33 rpm (Rebecca Moore) 33 rebellions per minute
"All the Halloweens you can hold are here forever"
1995
Rebecca Moore, ADMIRAL CHARCOAL'S SONG
I'm going to explain this album indirectly by first mentioning a somewhat less obscure 1995 album, Scott Walker's TILT. Since I acquired the album on the basis of a review by one glenn mcdonald, I'll refer you to his TILT review now, because it has the funniest series of metaphors I've read since whenever I might've read a funnier one. It is not a helpful review, mind you; it posits Scott as too imaginative and weird to comprehend, while repeated listens to TILT keep giving me the same simple mental picture: of a champion Gregorian monk singer trying to sing solemn jazzy nightclub songs, randomly losing 3/4 of his own lyrics by divine hostile intervention in his word-processor storage, and assuming he can compensate by singing the remaining fragments at 1/4 speed and sounding mellow, when in fact he sounds like a person about to go comatose from sleeplessness, trying earnestly to have a panic attack. Sure, it's fascinating, quite worth hearing, especially when he tries Trent Reznor-like electronic backgrounds on "the Cockfighter" and "Bouncer See Bouncer", but within three songs he's invented the genre, perfected it, and left so little room for further development that the rest is self-derivative.

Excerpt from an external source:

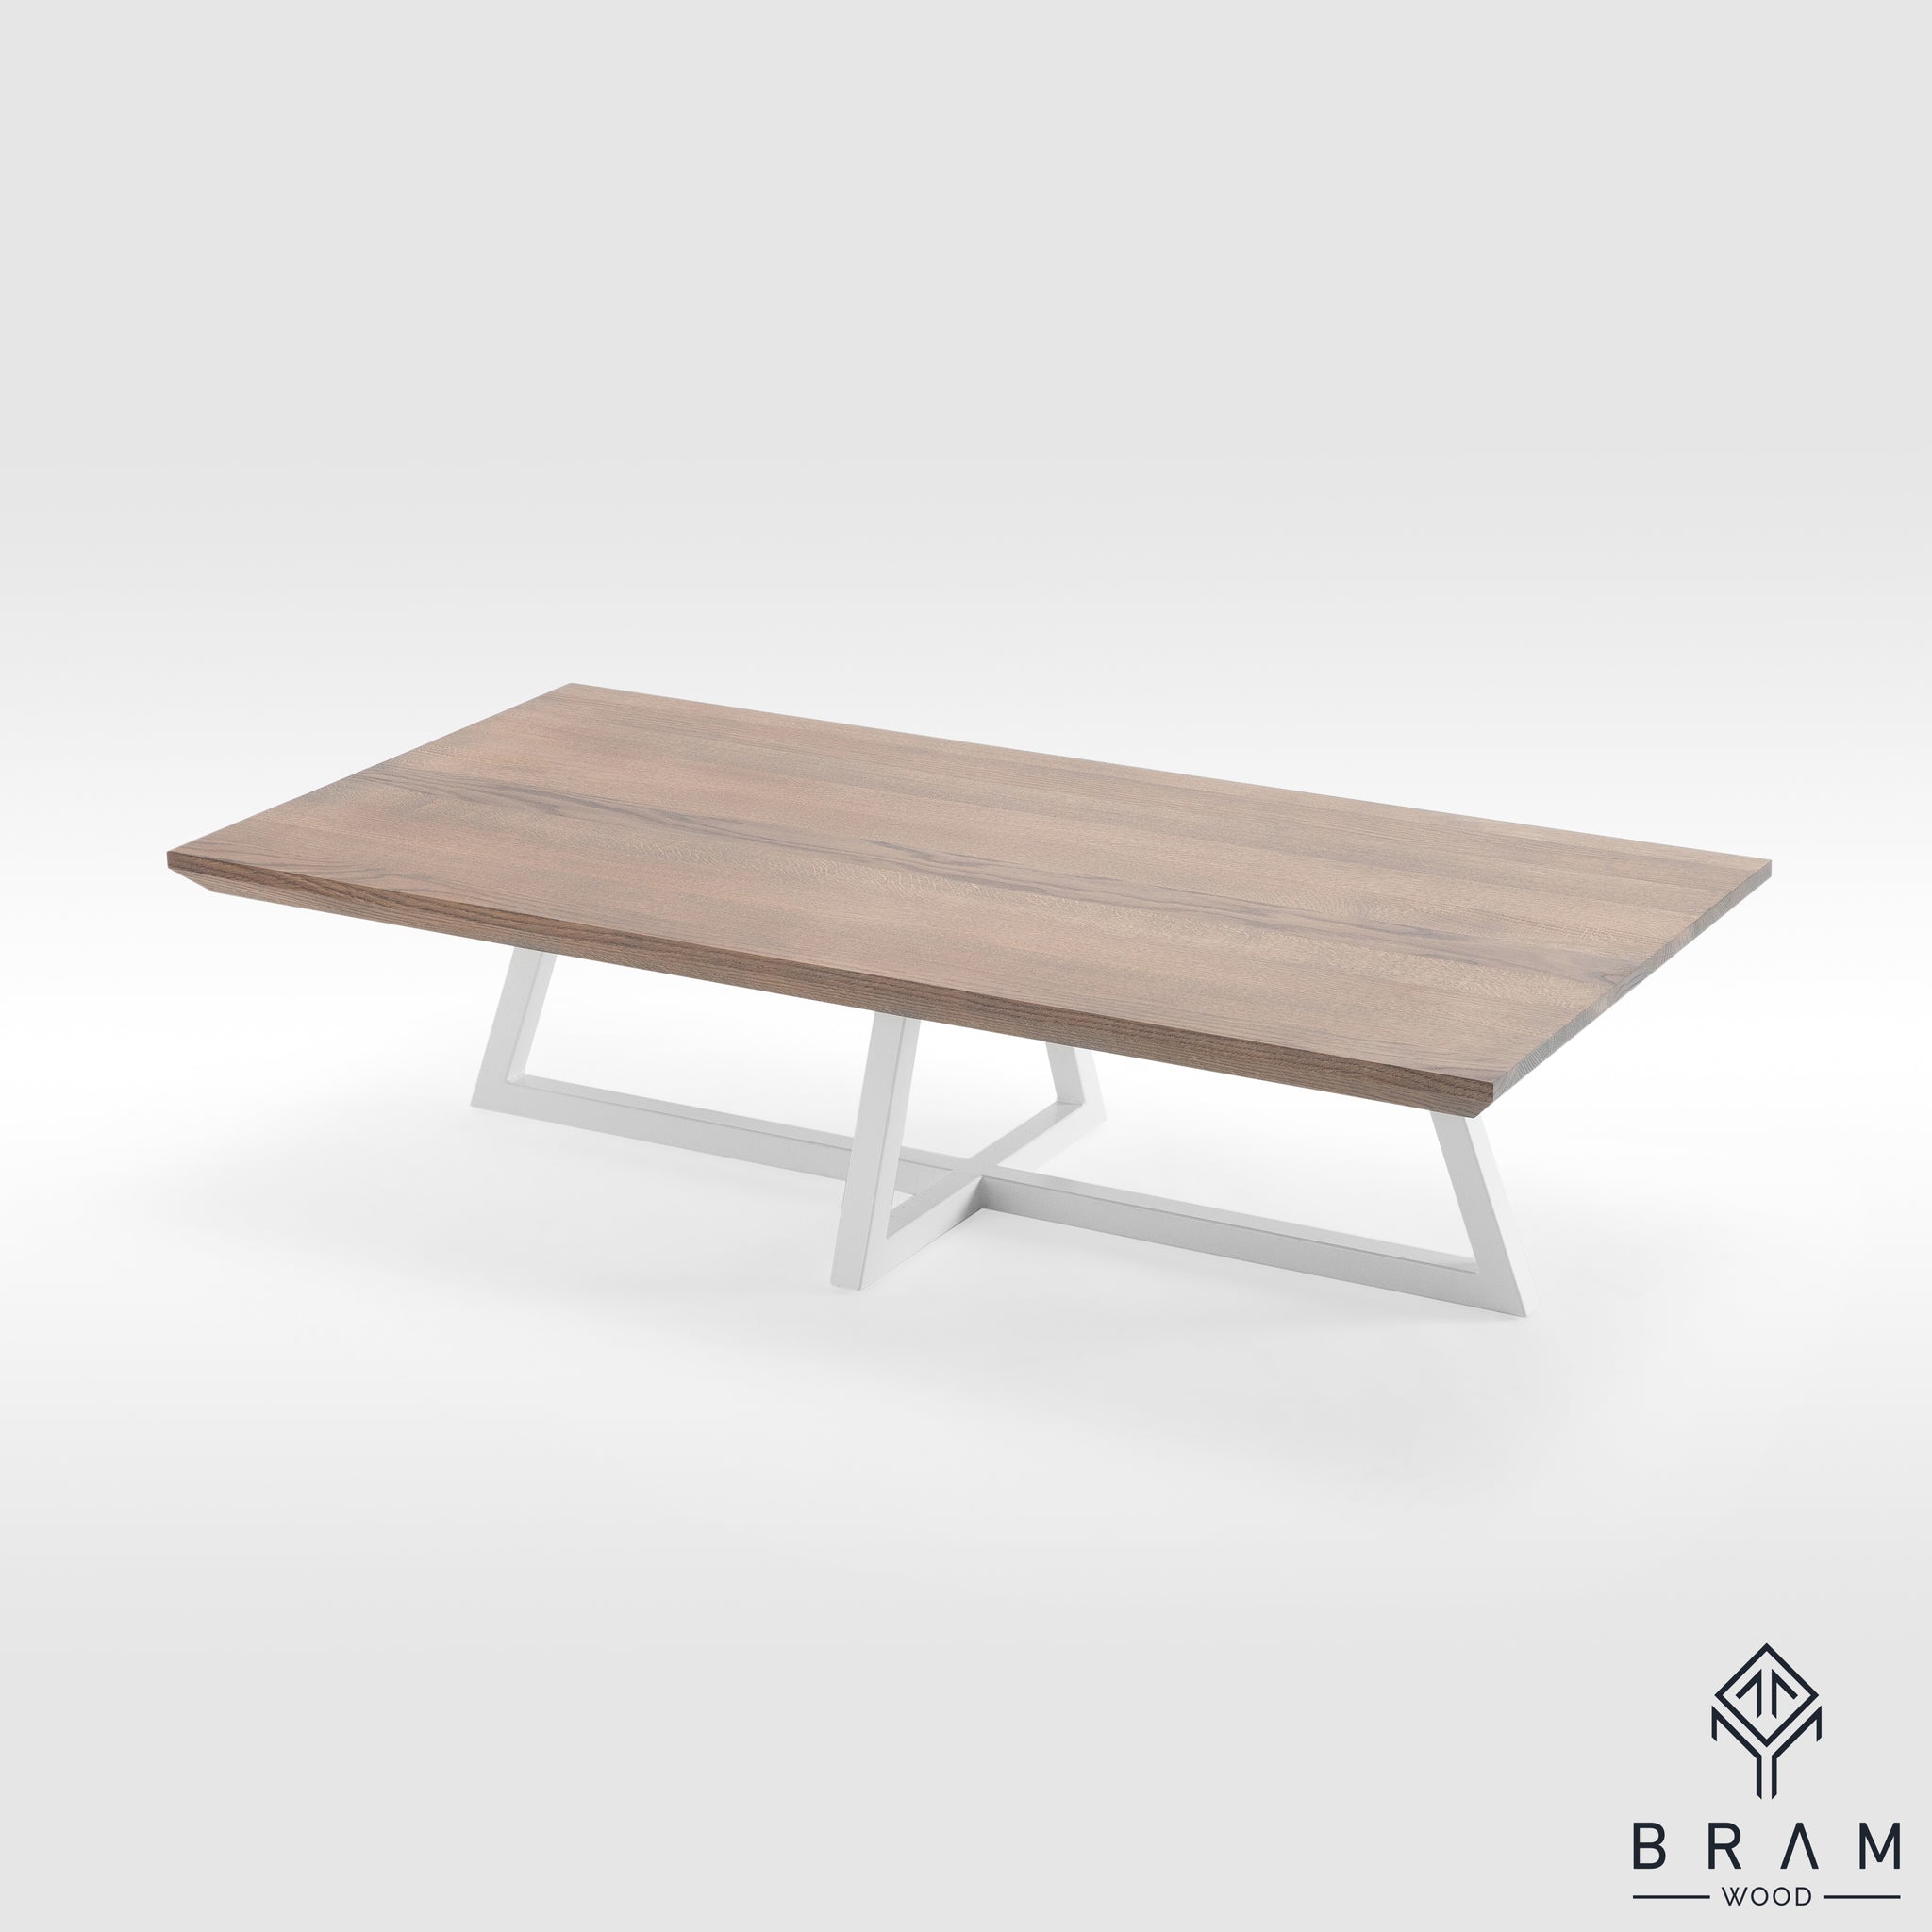 Unique Coffee Table With Angled Steel Legs Bram Wood Bram Wood

Still, I want to use glenn's notion that TILT is an import from a planet where this is what passes for top 40. Because on that same planet, Rebecca Moore must be Joan Baez. Moore certainly seems to have all the amiable goodwill necessary for the task: from two cutesy between-song stagings and a giddily awful shanty duet before "Twistig Lullaby", through the quick helpful one-sentence scene-setting before a couple of songs on the lyric sheet, to the liner notes giving shout-outs to an enviable number of friends ("I love you guys terribly") and the adorable dedication to "my father, Peter Innisfree Moore: Magician, Scientist, big Dreamboat". And on a planet where no-one would be so boring as to sing to the chromatic scale, or tune their guitar, and where singing in a heavy voice alternating "worn out" with "worried" is the fluff way to be, one wouldn't have to ask why this nice person is designing music to clear rooms with (well, to clear one side of large rooms; it _is_ quiet). It really does sound like a folkie TILT, and "the Lamp Shop", "Darkroom", and "Cripple Kingdom" even show the same electronics facility. The dark lyrics don't dispel the image either, showing a folksinger verbosity and poesy that nonetheless yield very Walker-like lines: "You think you're so clever you could fool the sun. But I won't tell, all 5 of me won't tell. Smashing wet ring on the counter where the mean drink stood. I could say here all night". Or just a similar impenetrability, like the first chorus: "And now I know in the Roo-/ I could not be over myself I'm over this Hell and would not answer for a while".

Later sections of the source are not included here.